[[ DATA EXCERPT open ]]

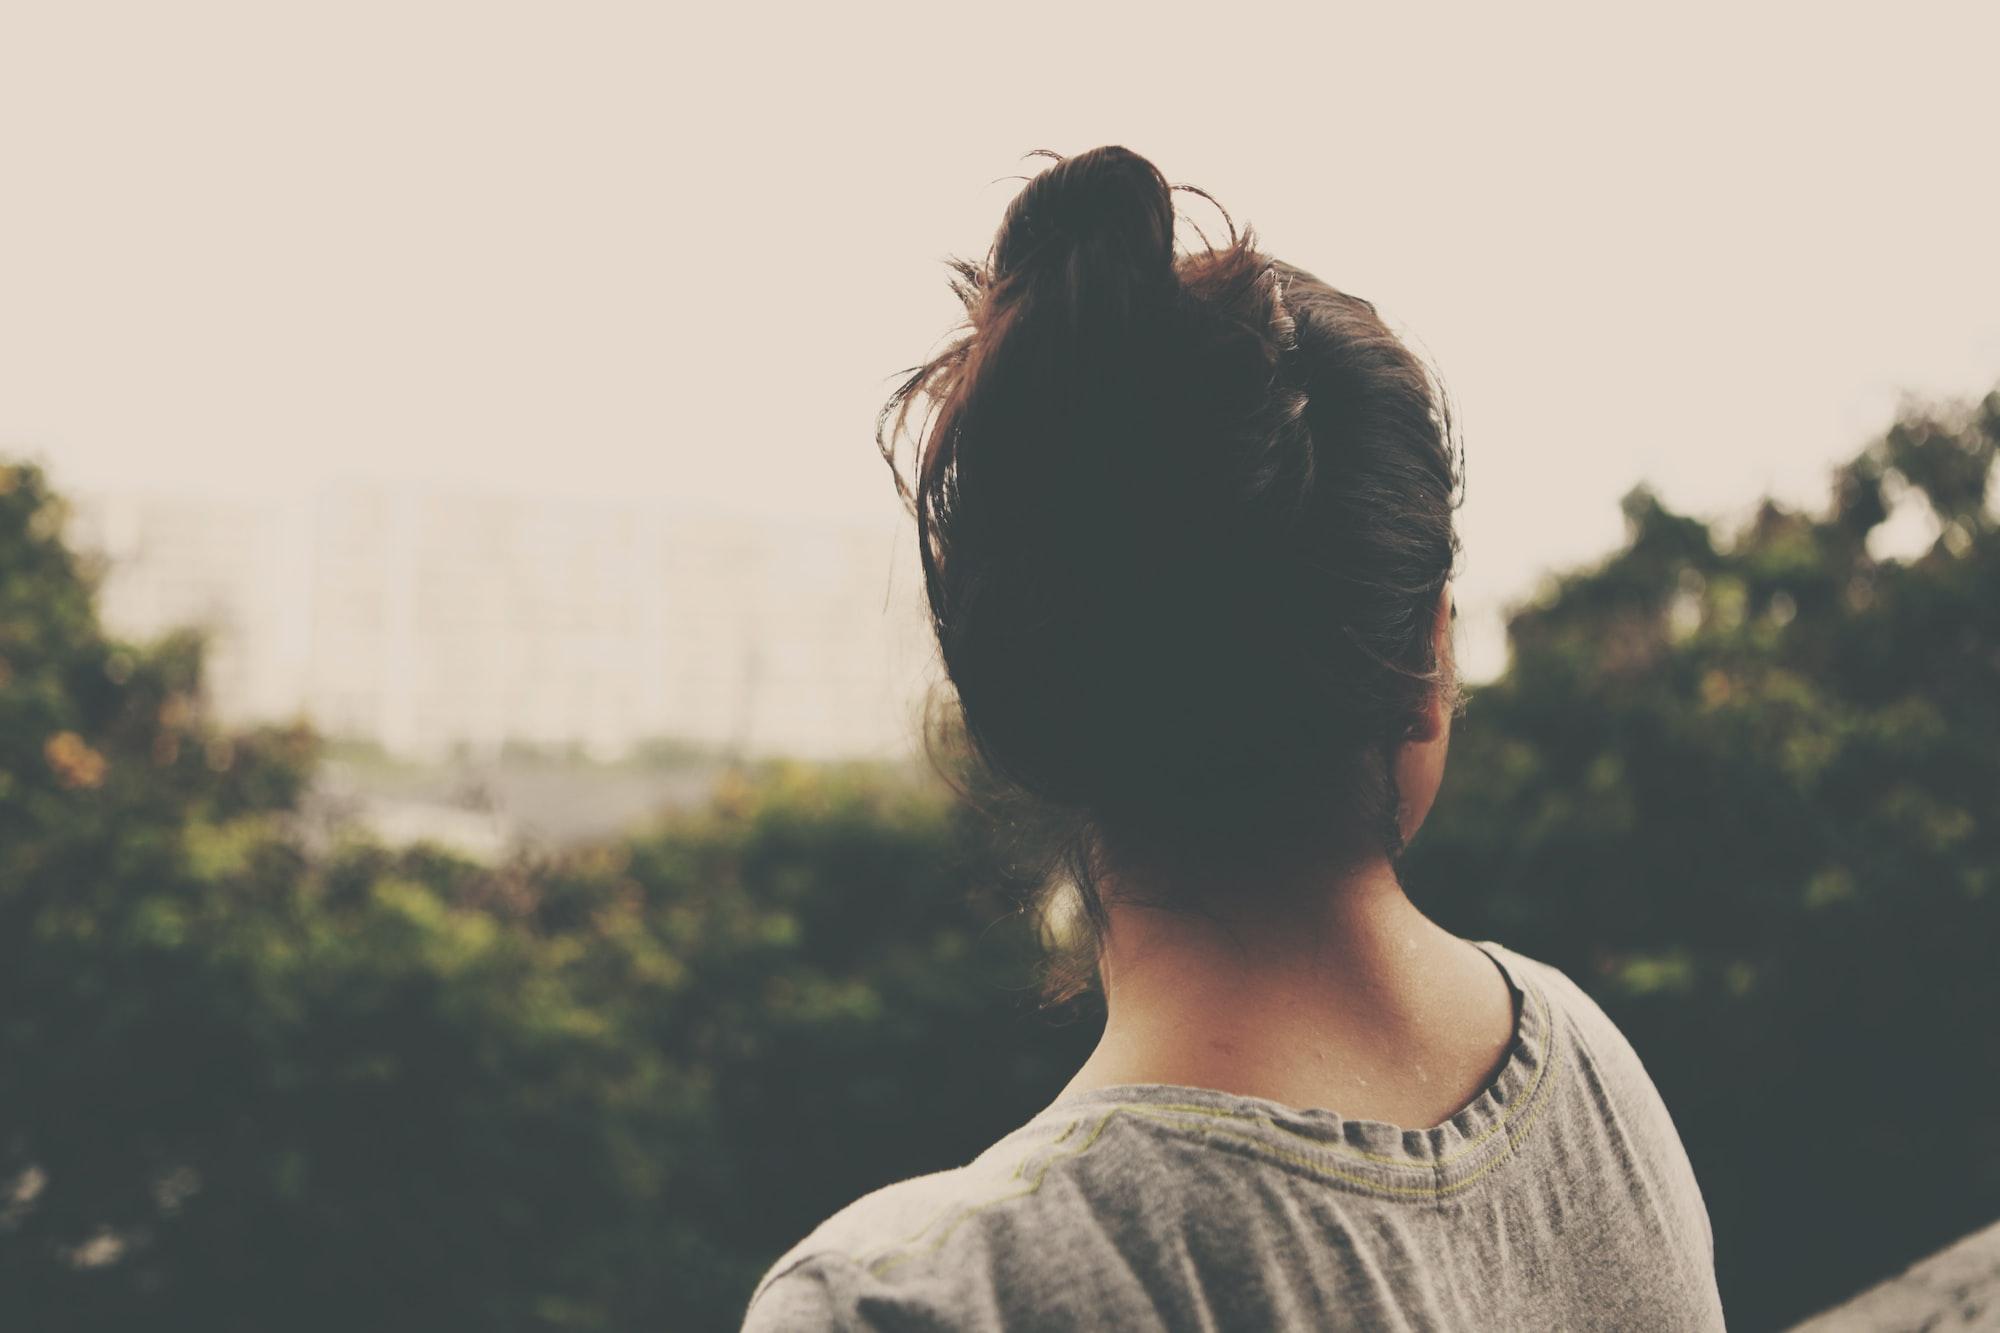 Back shot of a woman with dark hair in a bun, wearing a grey shirt.
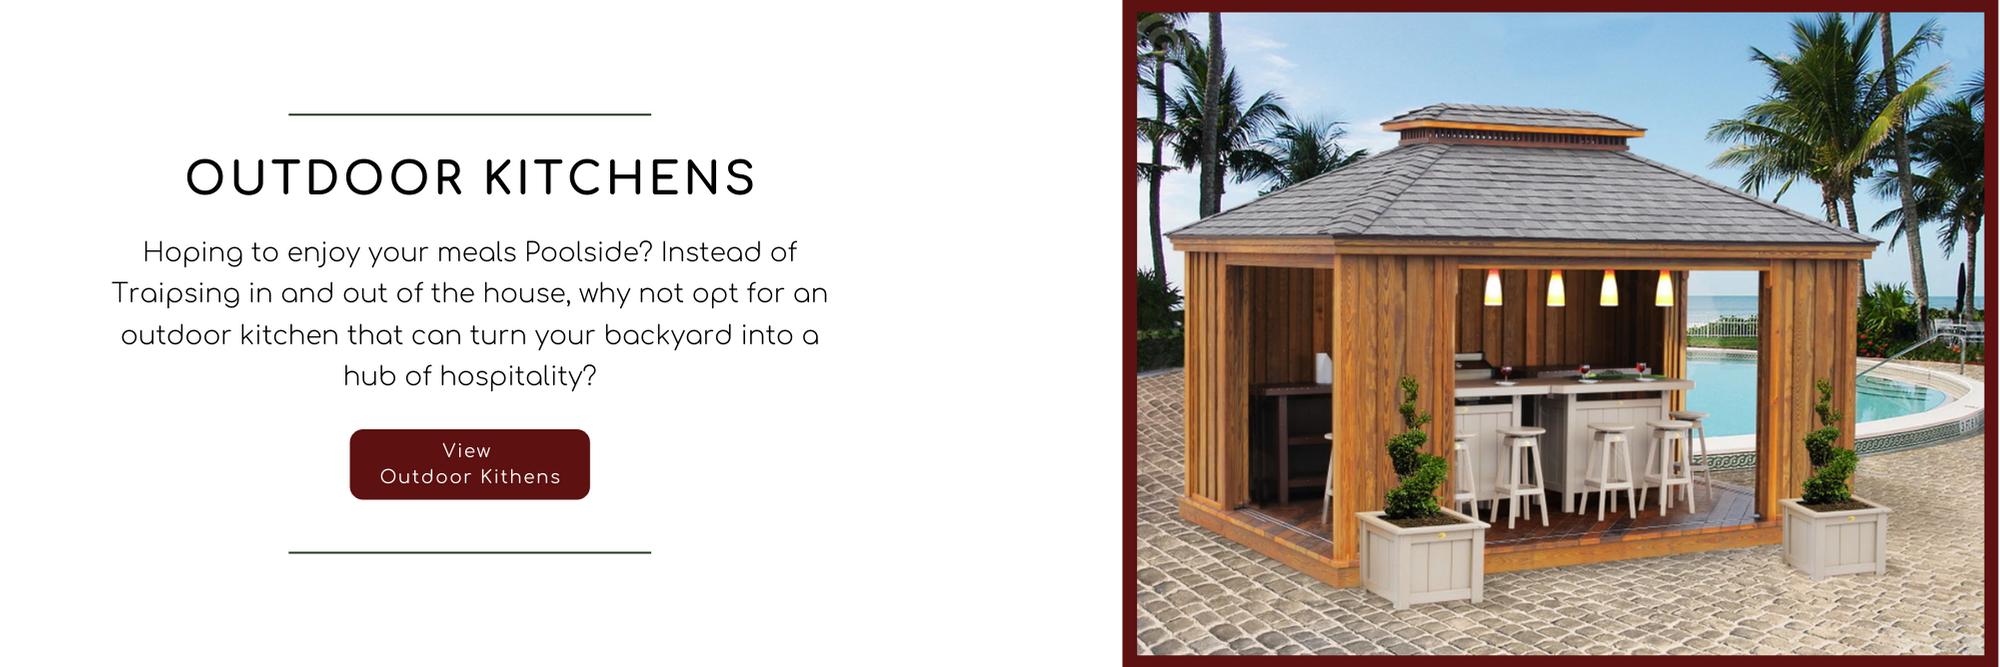 outdoor-kitchen-web-liner.png
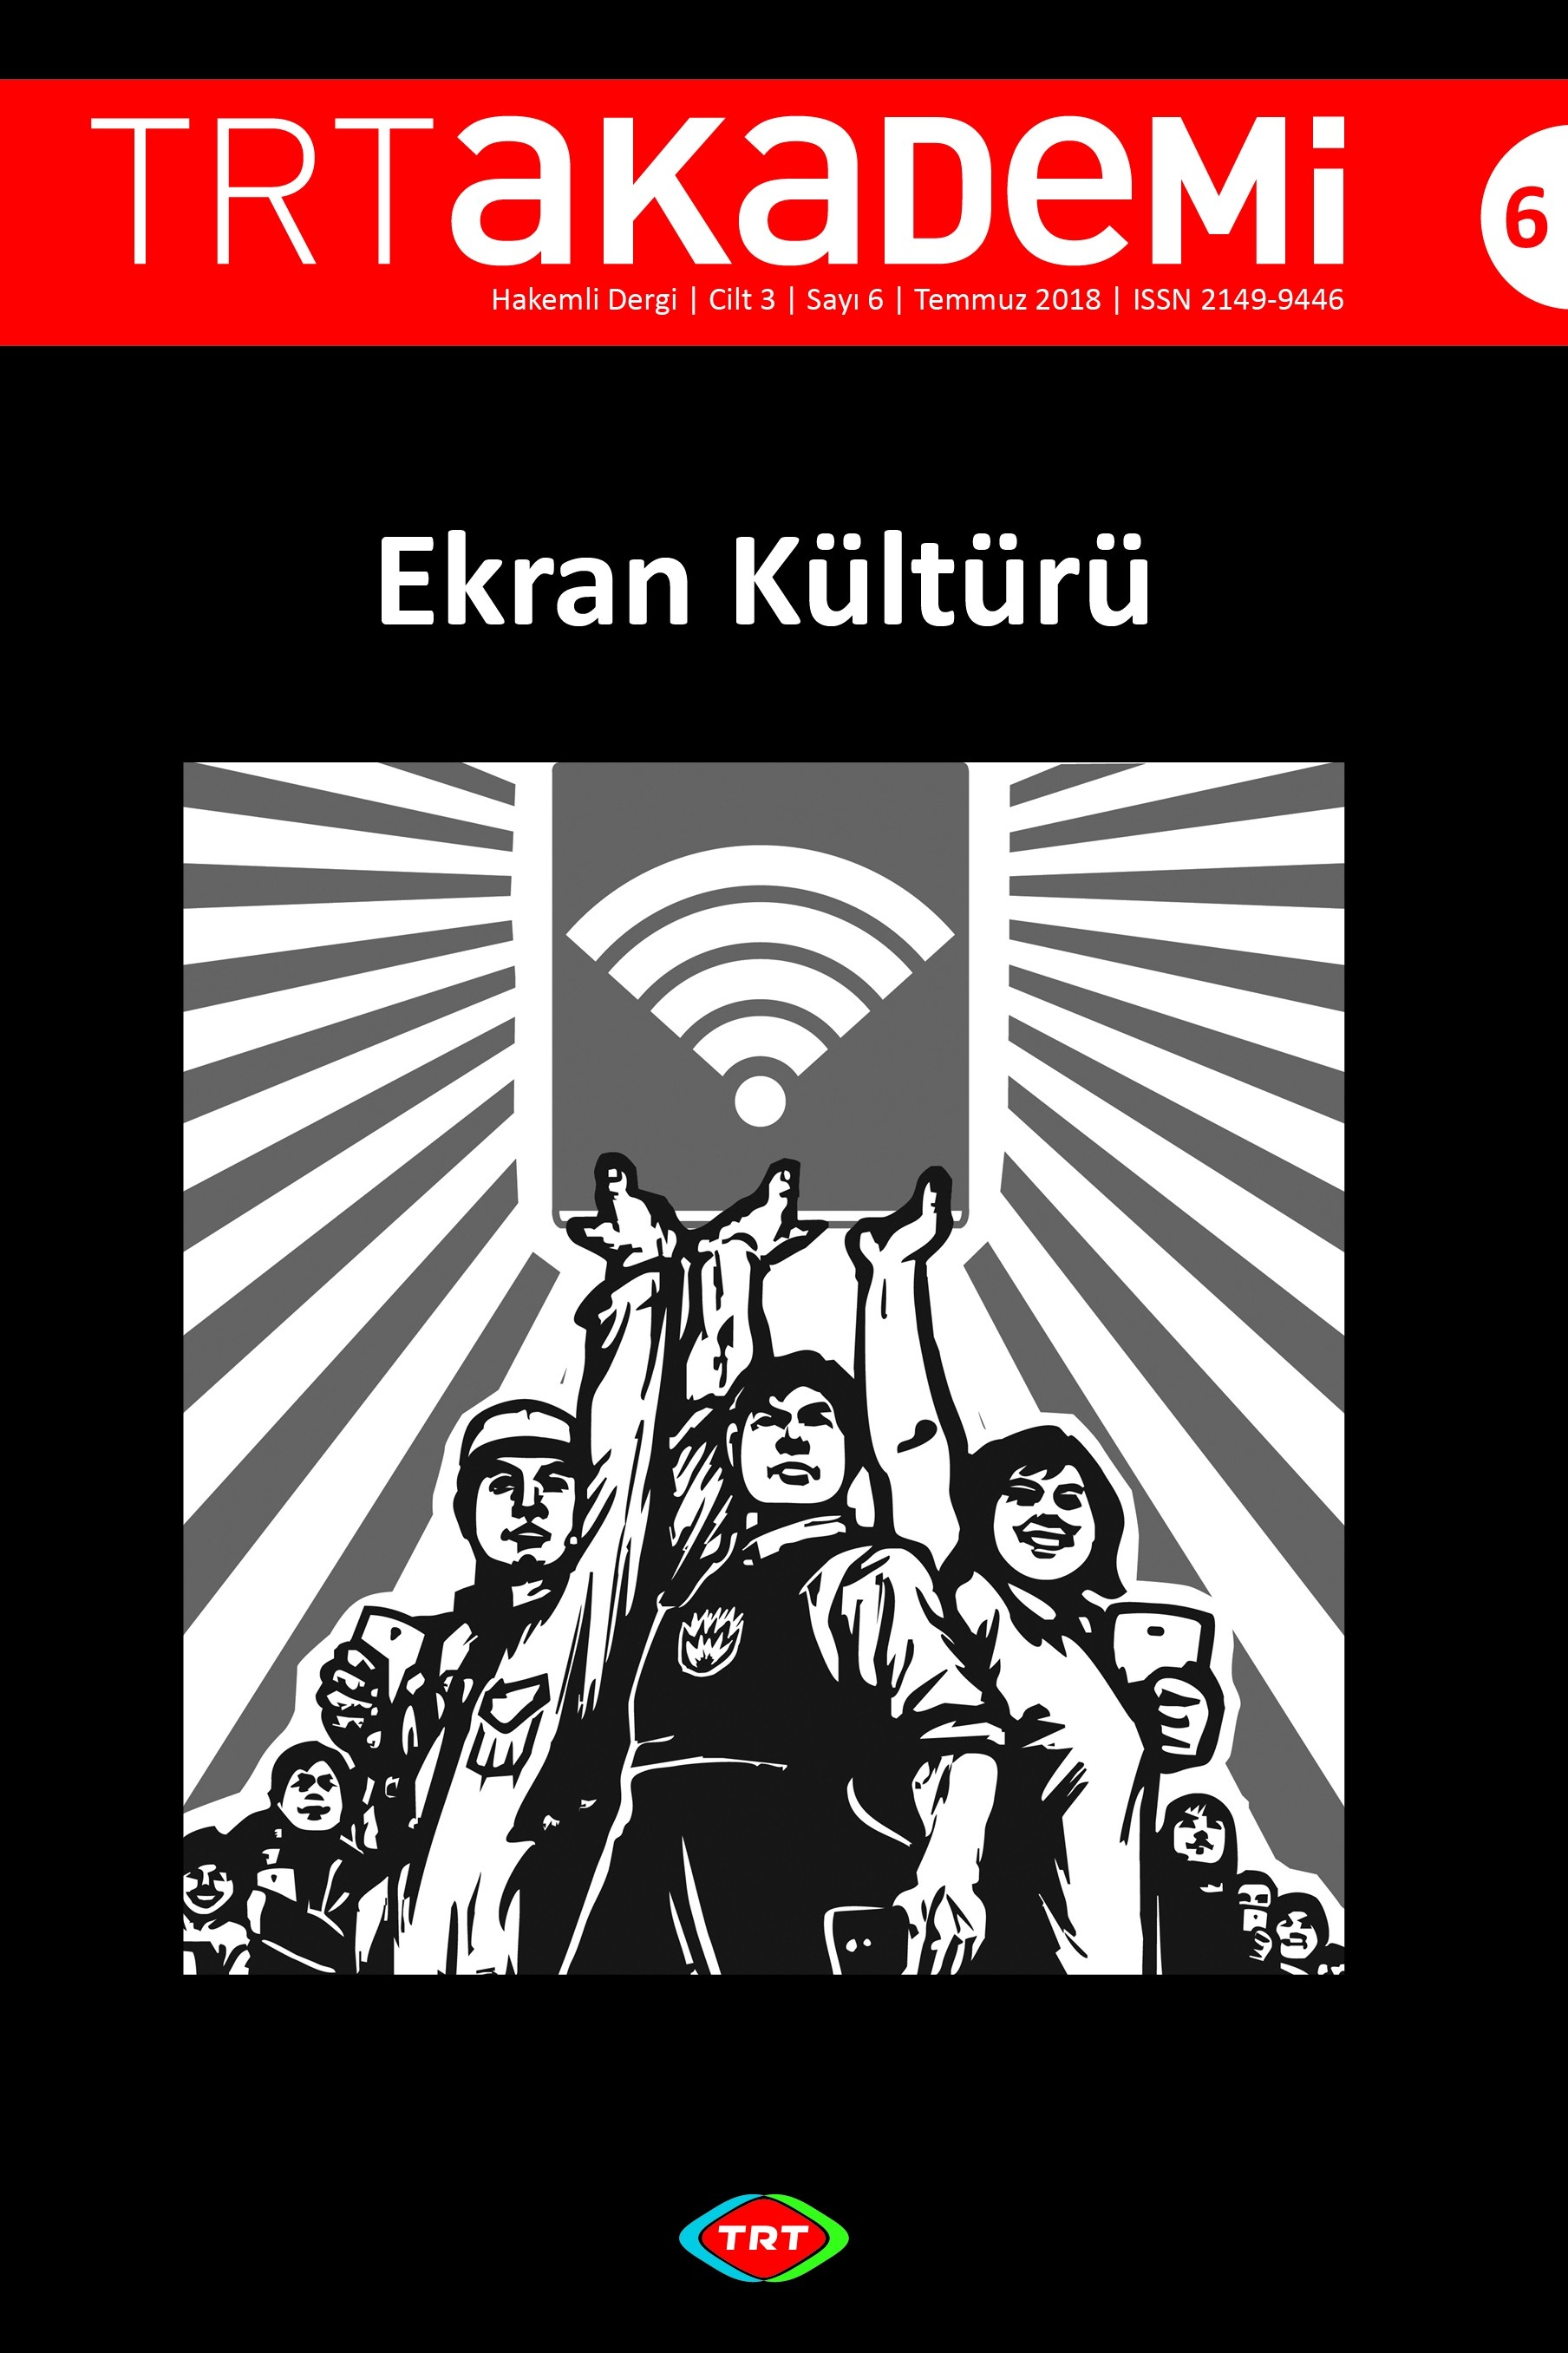 TRT Akademi
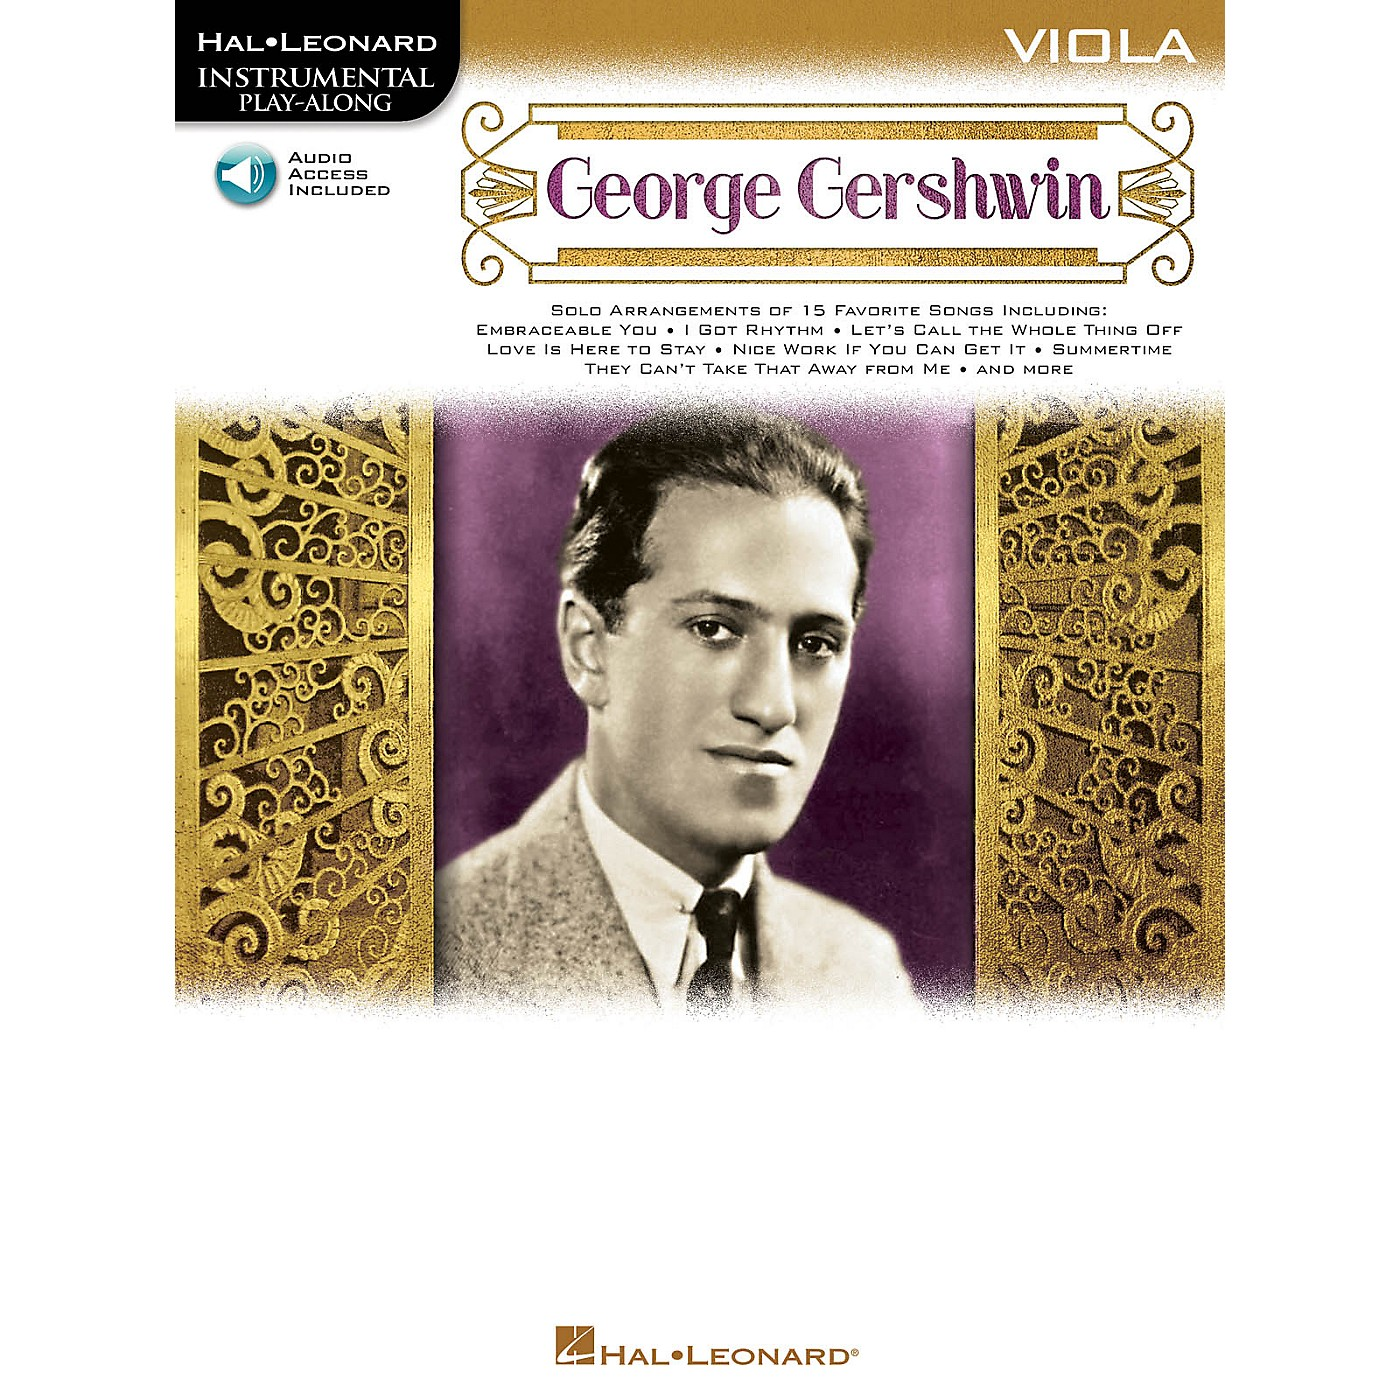 Hal Leonard George Gershwin (Instrumental Play-Along for Viola) Instrumental Play-Along Series Softcover Audio Online thumbnail

[[ DATA EXCERPT closed ]]

YOUR OBJECTIVE ▸ Copy out nothing but text: transcribe the listing exactly and skip each picture.

PROBLEM SOLUTION ▸
 Back shot of a woman with dark hair in a bun, wearing a grey shirt.
 outdoor-kitchen-web-liner.png
 TRT Akademi
 Hal Leonard George Gershwin (Instrumental Play-Along for Viola) Instrumental Play-Along Series Softcover Audio Online thumbnail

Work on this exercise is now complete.